◆ **TASK**:
Your copy should match the listing below exactly, except that it holds no images.

GIVEN MATERIAL: Begin

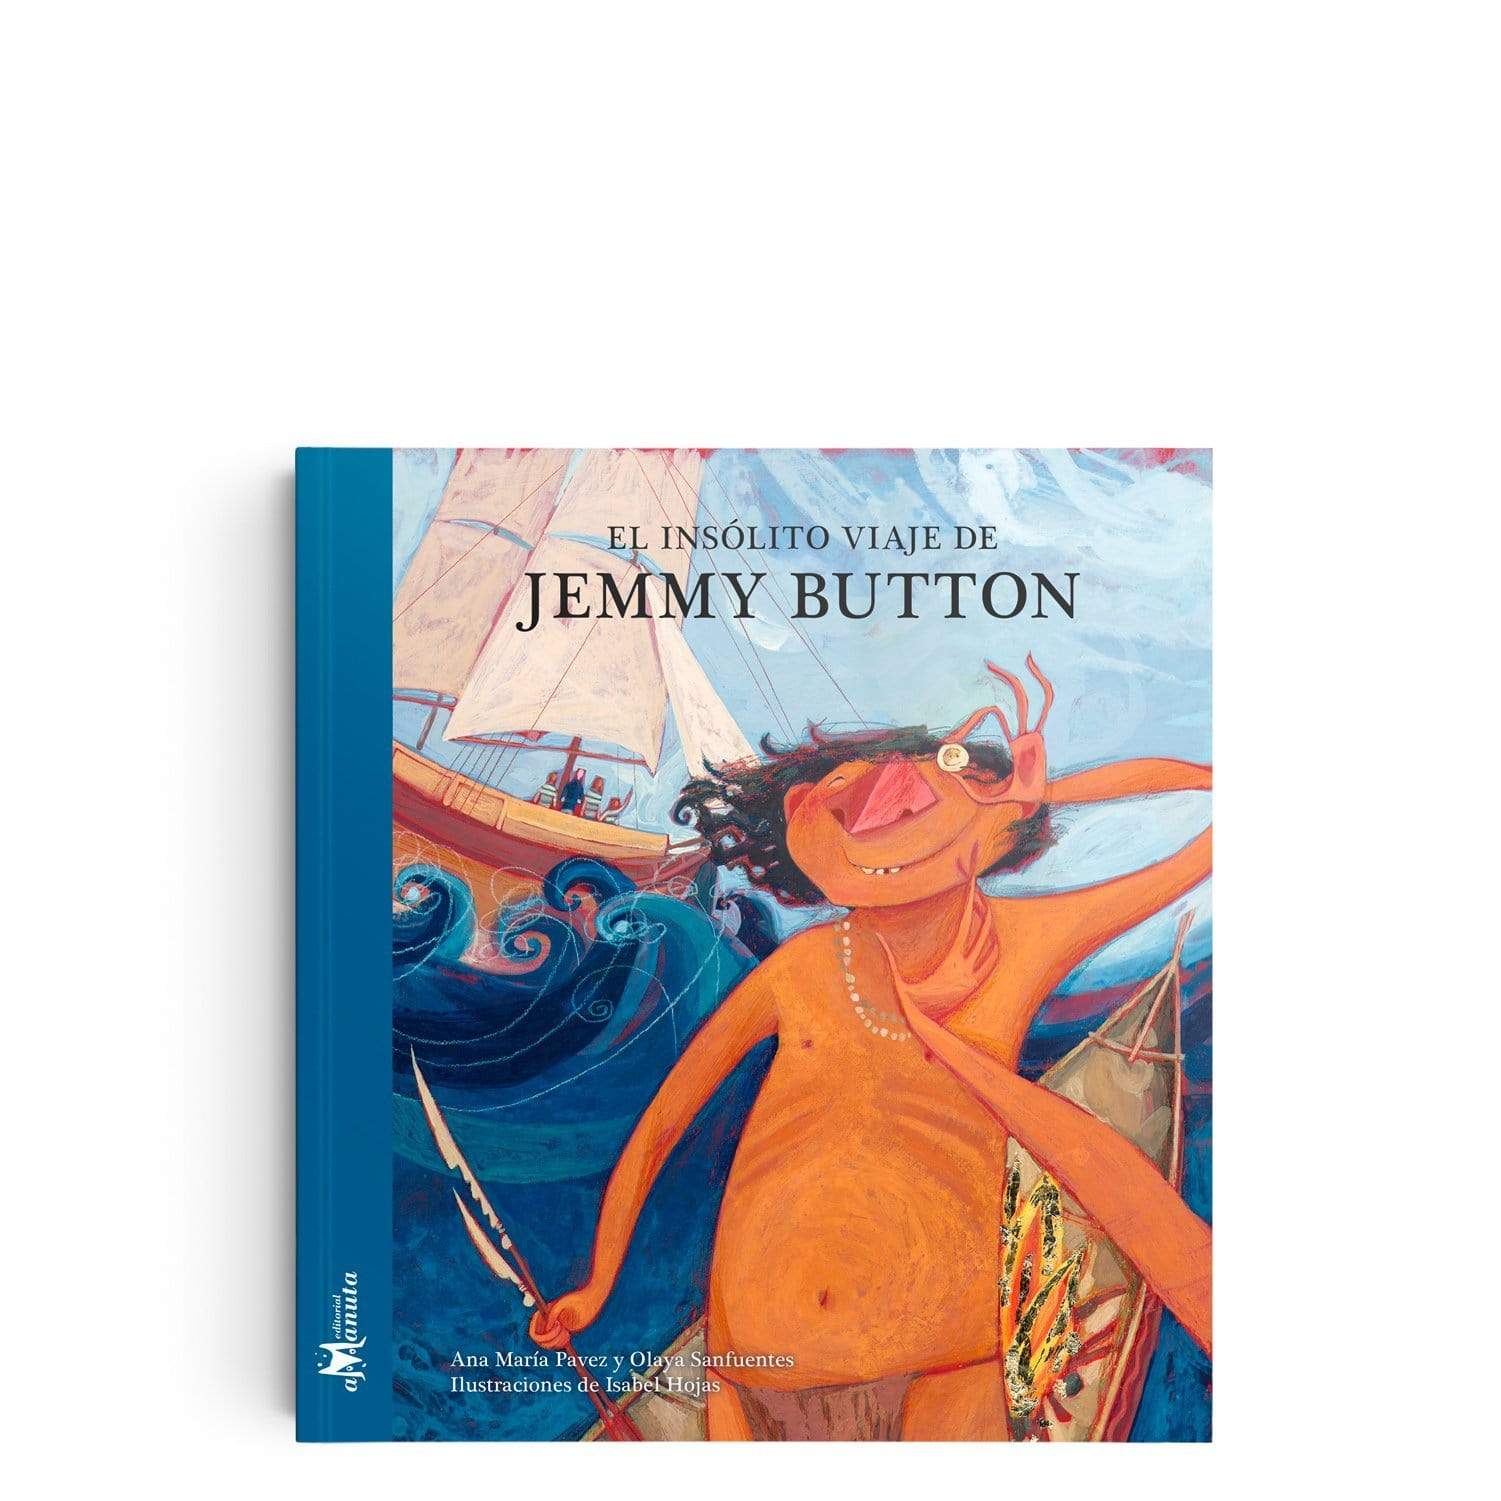 Libro "El insólito viaje de Jemmy Button"
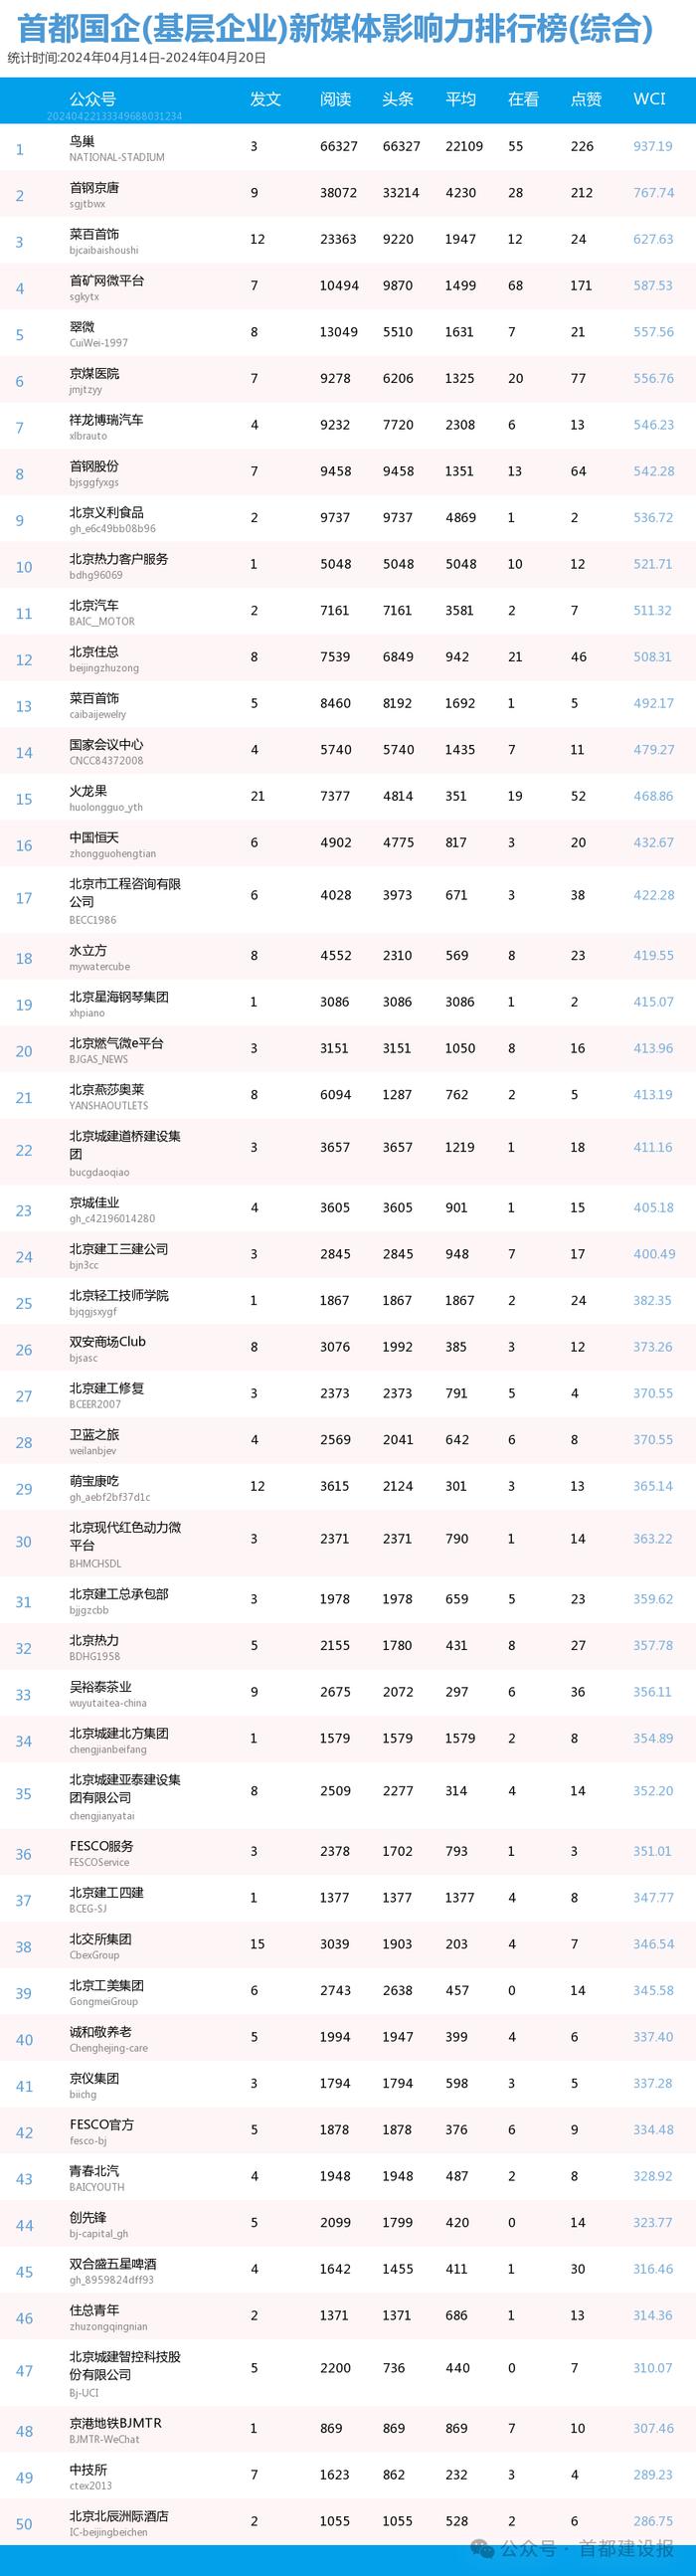 【北京国企新媒体影响力排行榜】4月周榜(4.14-4.20)第404期
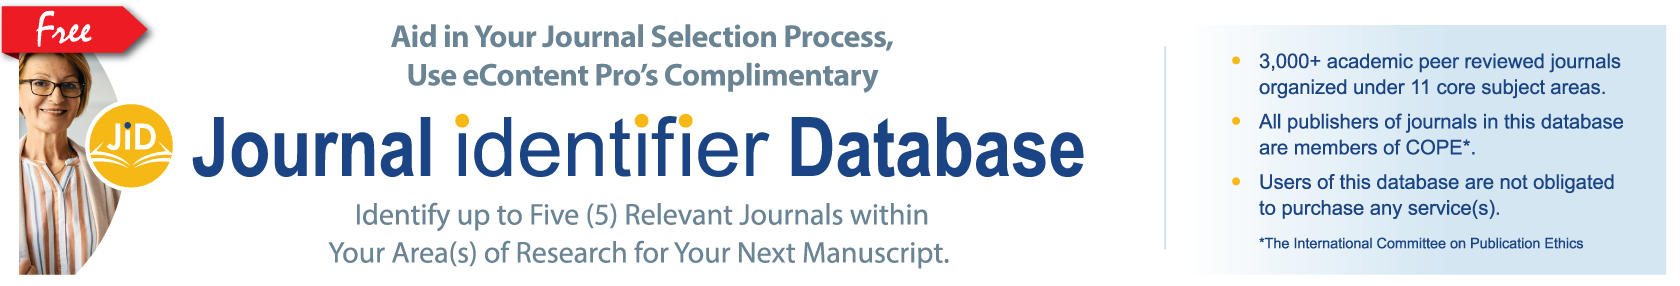 Journal Identifier Database Banner
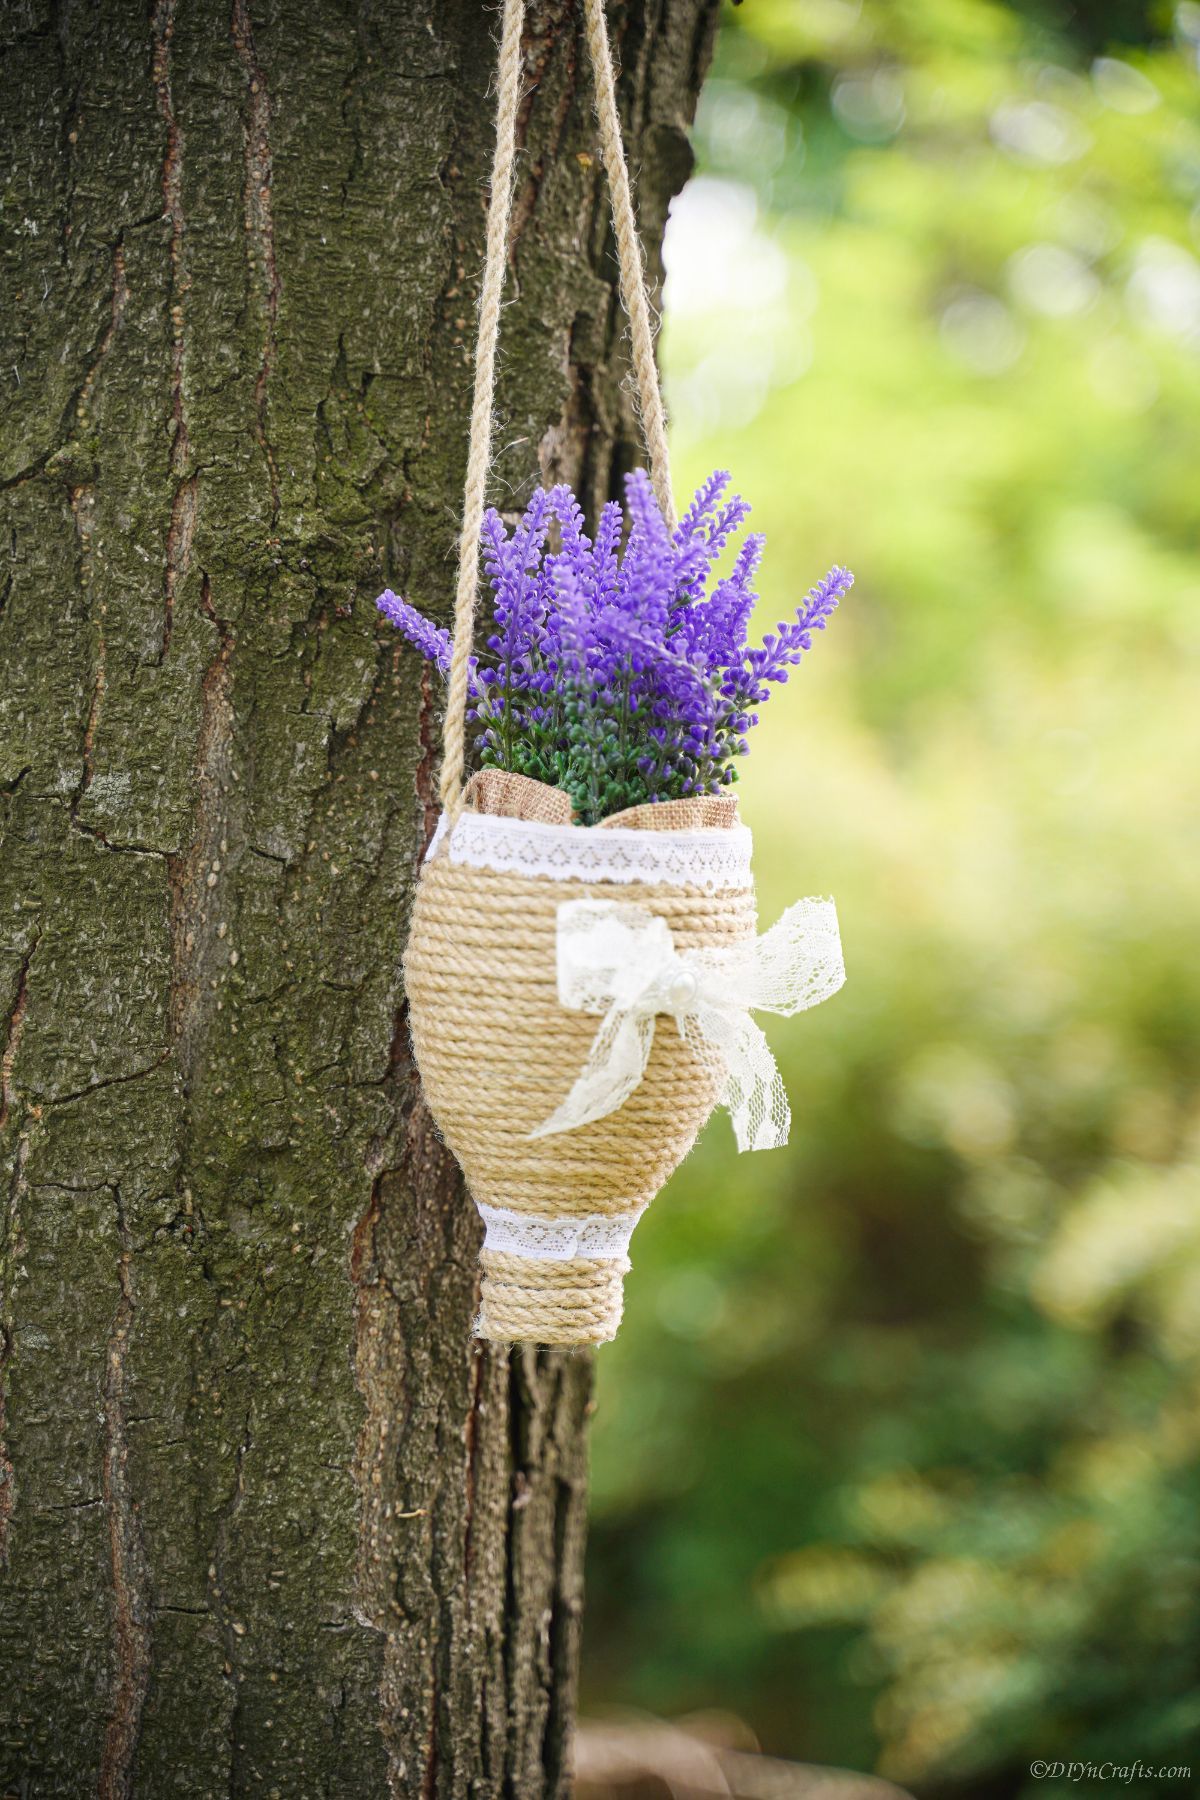 purple flowers on twine hanging planter on tree

GIVEN MATERIAL: End

◆ **EXERCISE ANSWER**:
 Libro "El insólito viaje de Jemmy Button"
 【北京国企新媒体影响力排行榜】4月周榜(4.14-4.20)第404期
 Journal Identifier Database Banner
 purple flowers on twine hanging planter on tree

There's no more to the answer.